══ Data section
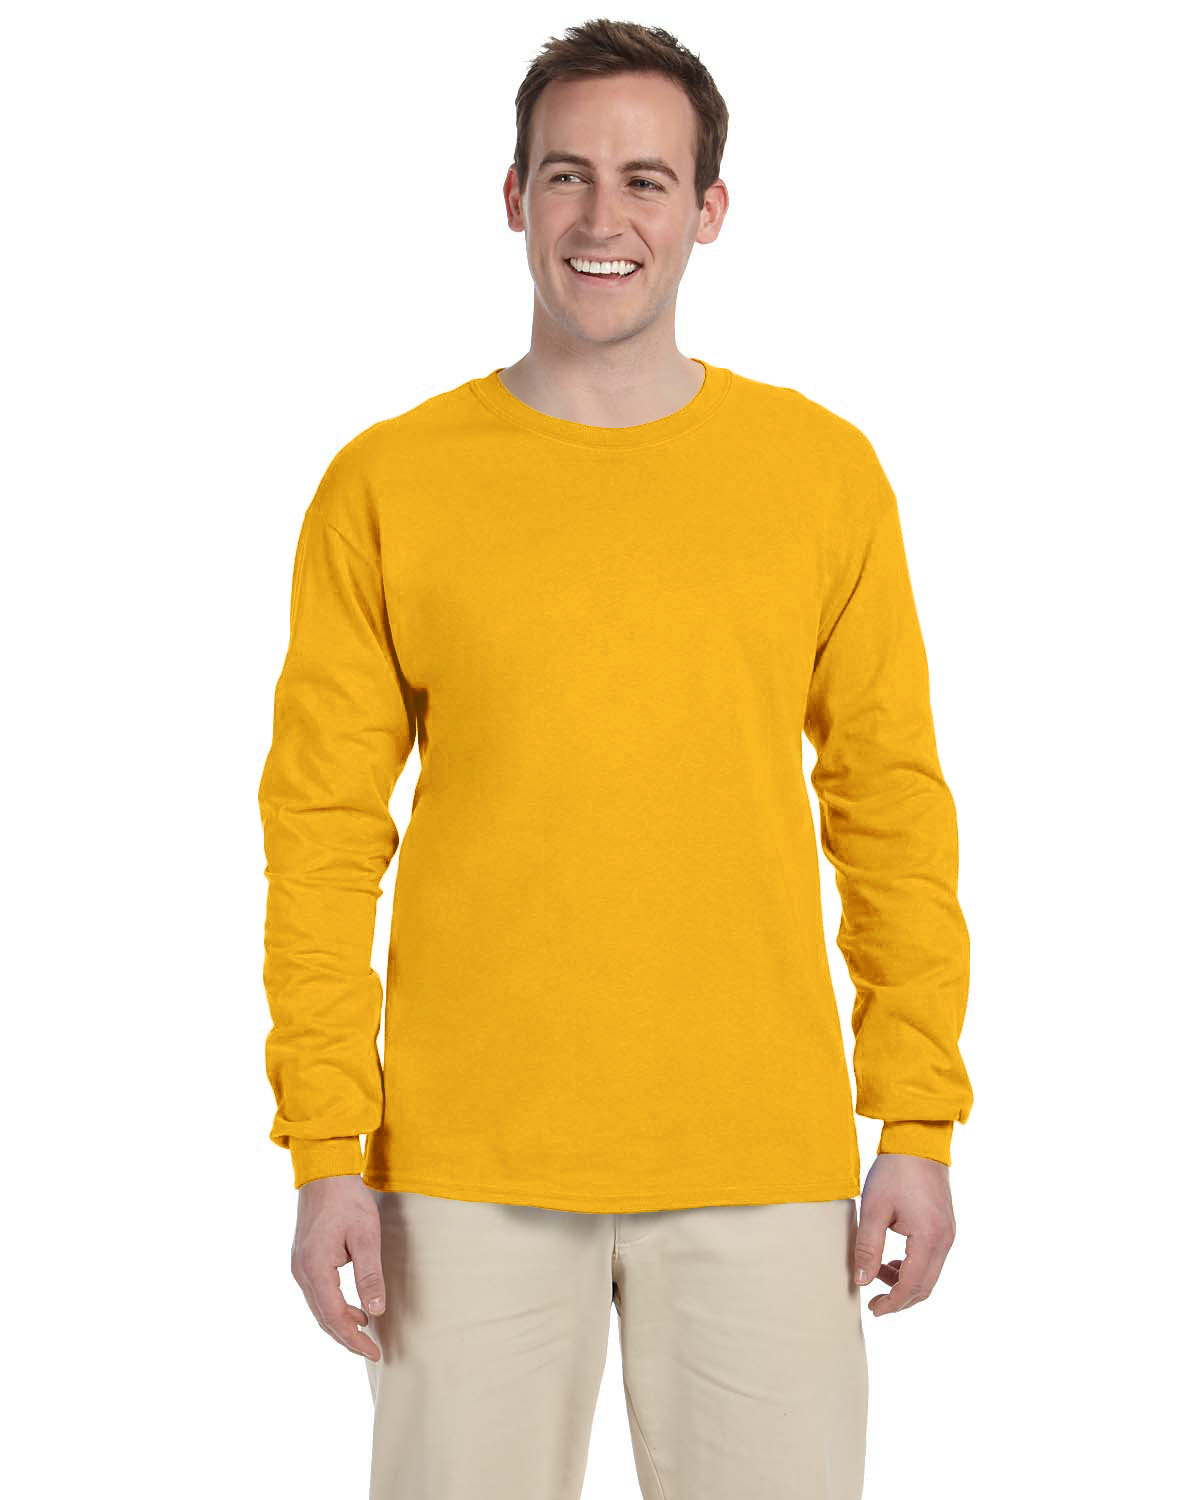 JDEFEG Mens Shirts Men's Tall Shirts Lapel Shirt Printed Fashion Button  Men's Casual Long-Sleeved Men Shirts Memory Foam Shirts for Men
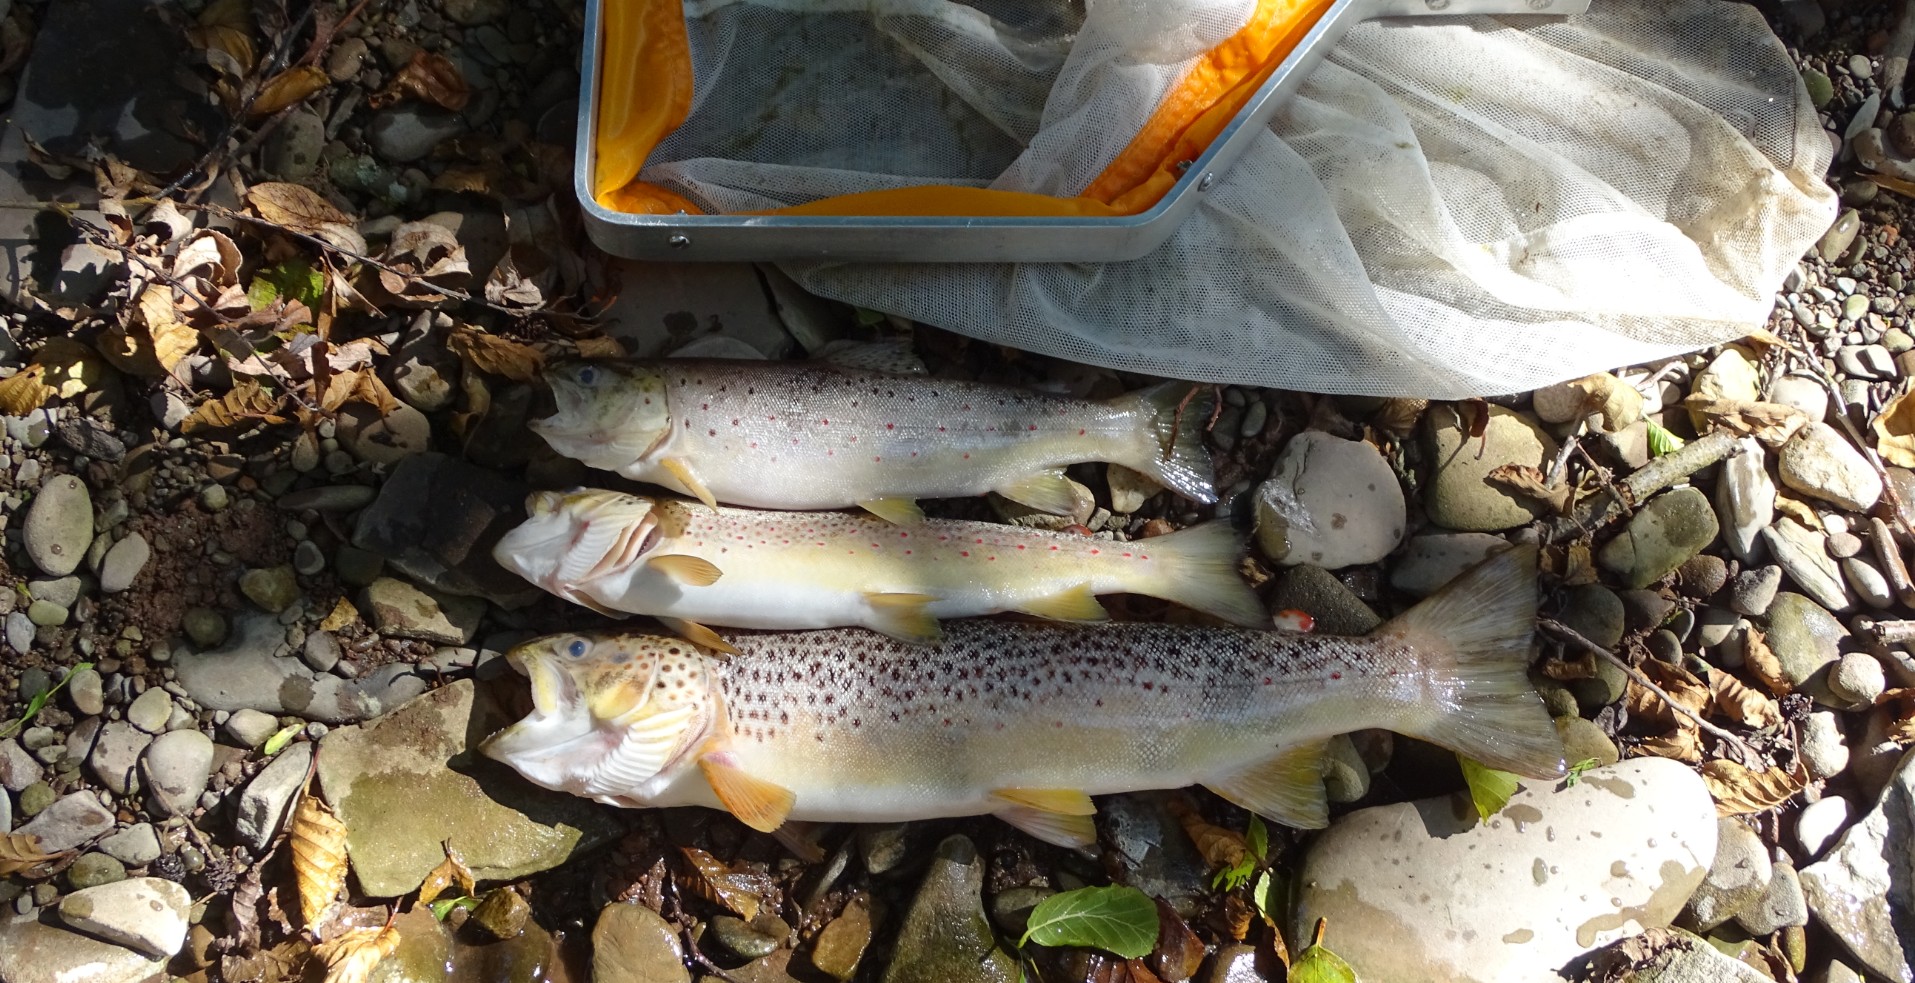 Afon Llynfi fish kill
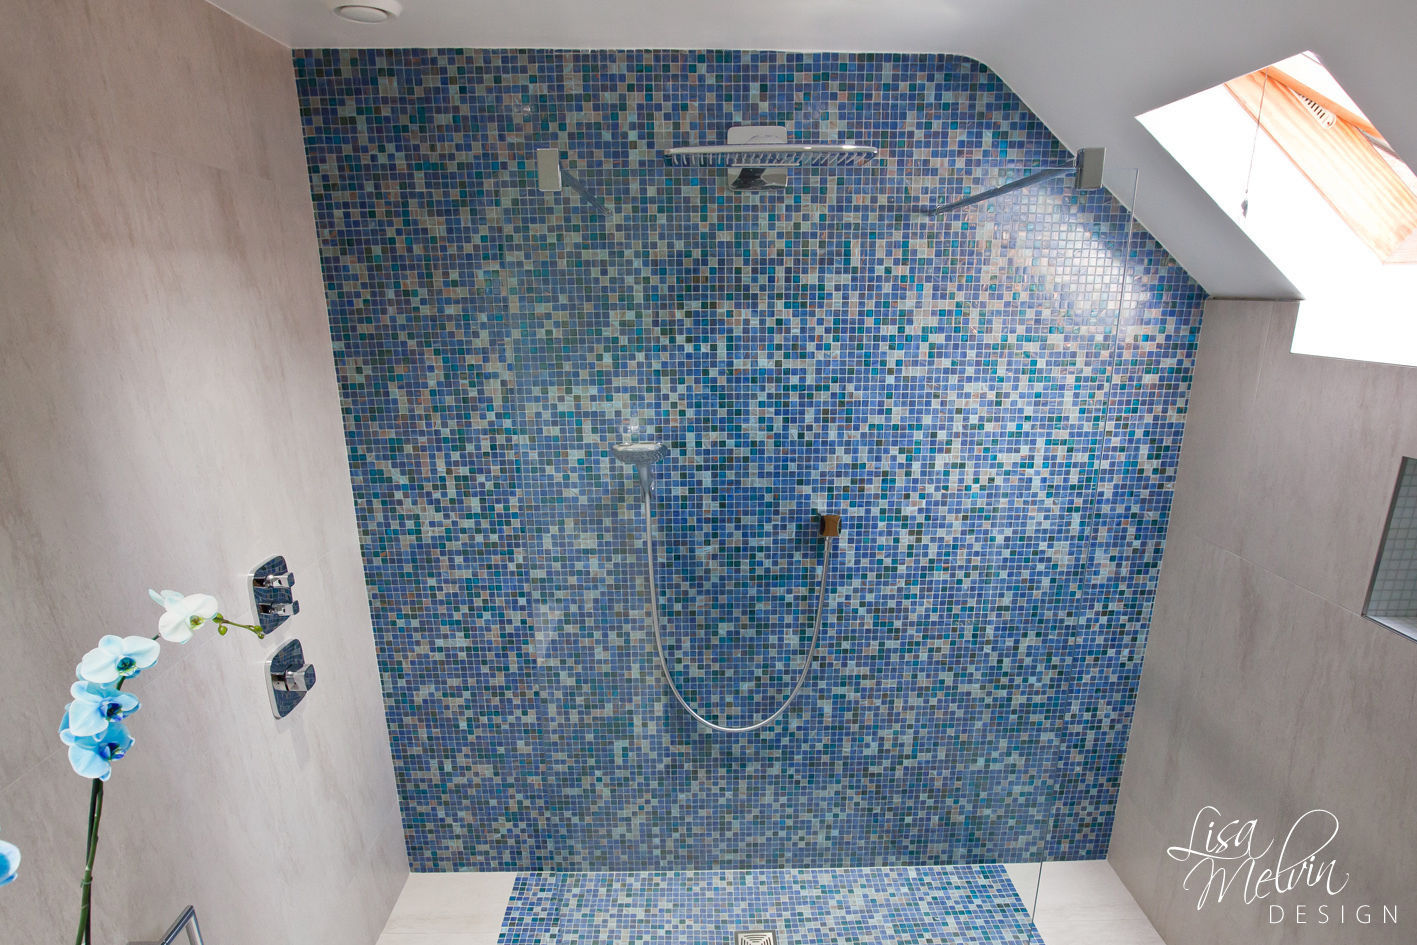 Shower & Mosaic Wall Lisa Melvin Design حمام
════
Problem to solve> Repeat the material exactly. Any picture in it should be dropped.

Exercise answer>
 JDEFEG Mens Shirts Men's Tall Shirts Lapel Shirt Printed Fashion Button  Men's Casual Long-Sleeved Men Shirts Memory Foam Shirts for Men
 Afon Llynfi fish kill
 Shower & Mosaic Wall Lisa Melvin Design حمام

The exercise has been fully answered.